# Terrifying sex organs of male turtles



## Cowboy_Ken (Aug 15, 2014)

By Darren Naish | June 8, 2012 

The views expressed are those of the author and are not necessarily those of Scientific American or HerpDigest.

Of the many unlikeable and inaccurate stereotypes maintained about animals in popular consciousness, among the most frustrating is what I term “old man turtle”. This is the idea that turtles (by which I mean, all members of Testudines) are like decrepit, weak, bony little old men housed inside a box. It’s not fair, and it’s not at all accurate. Here we look at just one aspect of turtle anatomy. In keeping with the stupid “old man turtle” idea, popular culture would have it that turtles are weak, flaccid, crappy organisms with dull social lives, stunted and barely functional internal organs and undersized sex organs. Well, wait a goddam minute…

For more go to:

http://blogs.scientificamerican.com.../06/08/terrifying-sex-organs-of-male-turtles/

(OK, the article is over a year old. But I am sick and tired of answering these questions via the net or phone)


----------



## sibi (Aug 15, 2014)

I don't blame you Cowboy. But, better you than me cause that would be pretty awkward for a woman to answer any questions of this nature


----------



## Abdulla6169 (Aug 15, 2014)

sibi said:


> I don't blame you Cowboy. But, better you than me cause that would be pretty awkward for a woman to answer any questions of this nature


Let alone ask them


----------



## Cowboy_Ken (Aug 15, 2014)

And one final point, 
“GET OFF MY LAWN YOU DAMN KIDS!!!"


----------



## jaizei (Aug 15, 2014)

I can't wait until I'm old enough to be able to yell at children and it comes across more as crotchety old man instead of ahole.


----------



## Cowboy_Ken (Aug 15, 2014)

No kids come out to our place unless invited. I've only had one trespasser, a very old man shot and killed an elk in our lower pasture. We were non to happy about that...


----------



## Abdulla6169 (Aug 15, 2014)

Cowboy_Ken said:


> No kids come out to our place unless invited. I've only had one trespasser, a very old man shot and killed an elk in our lower pasture. We were non to happy about that...

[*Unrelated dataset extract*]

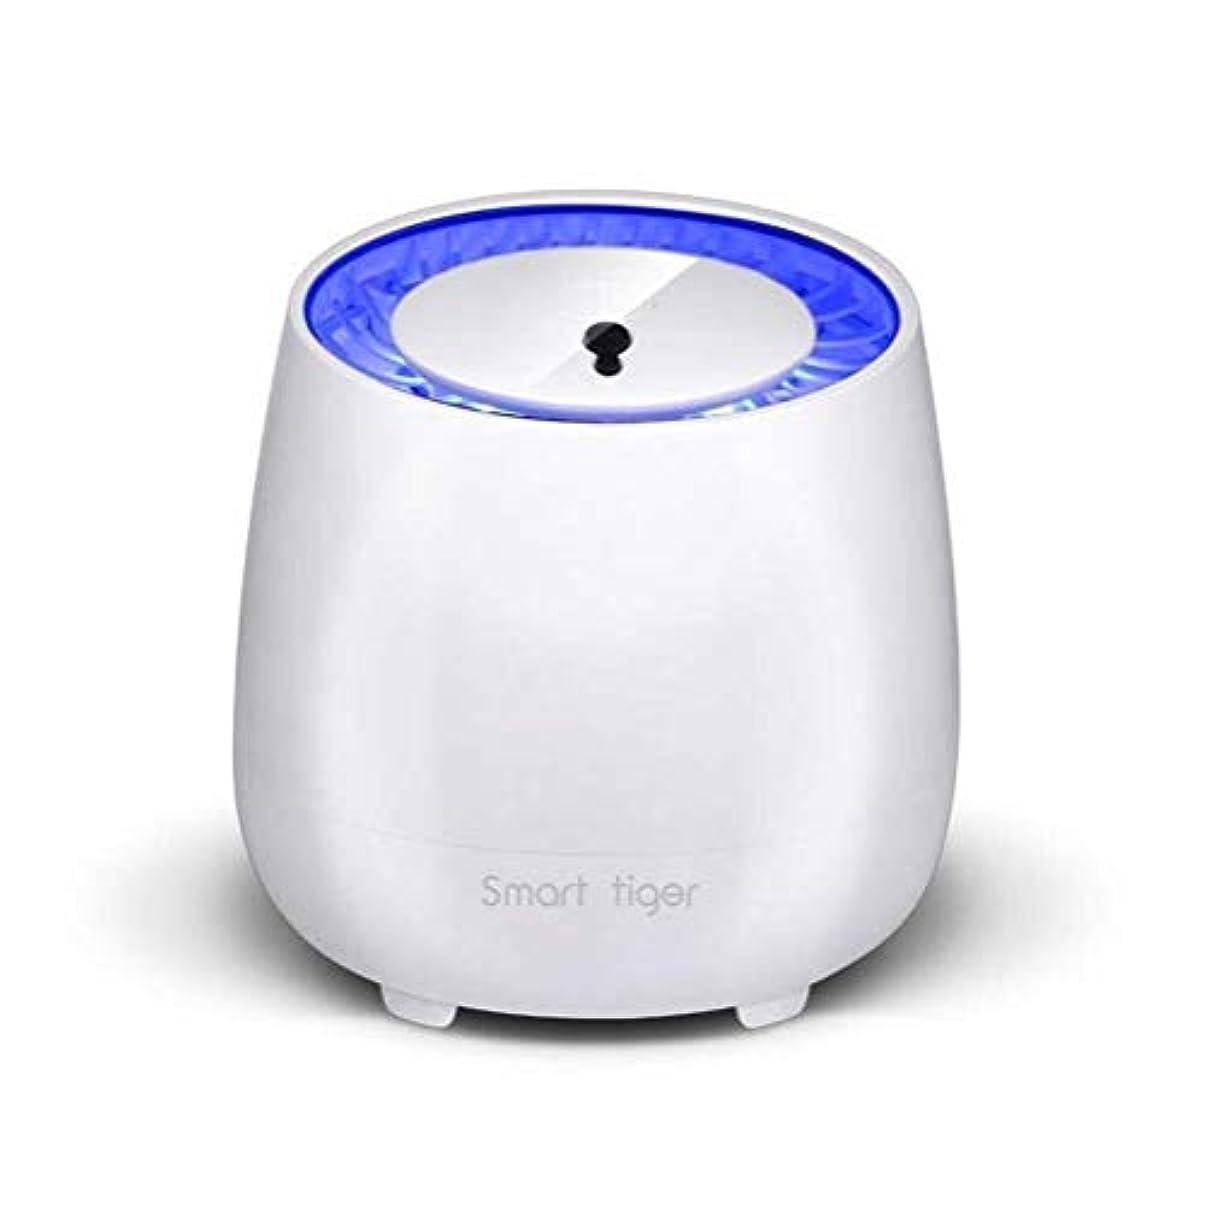 レモン推定私たちの屋外/家の光触媒の蚊のキラー、放射無し超静かなLEDの電子カのキラー、USBの充満/作り付け電池理性的な光制御 (色 : 白)

Put a "Trespassers will be shot, survivors will be shot again." Sign


----------



## ascott (Aug 15, 2014)

It is simply a penis....I don't know what all the hub bub is about....and yes, women can and do say penis.....


----------



## Rob.harmon (Aug 15, 2014)

ascott said:


> It is simply a penis....I don't know what all the hub bub is about....and yes, women can and do say penis.....


Penis penis penis penis penis penis penis penis penis penis penis penis!


----------



## ascott (Aug 15, 2014)

> It is simply a penis....I don't know what all the hub bub is about....and yes, women can and do say penis.....
> 
> Penis penis penis penis penis penis penis penis penis penis penis penis!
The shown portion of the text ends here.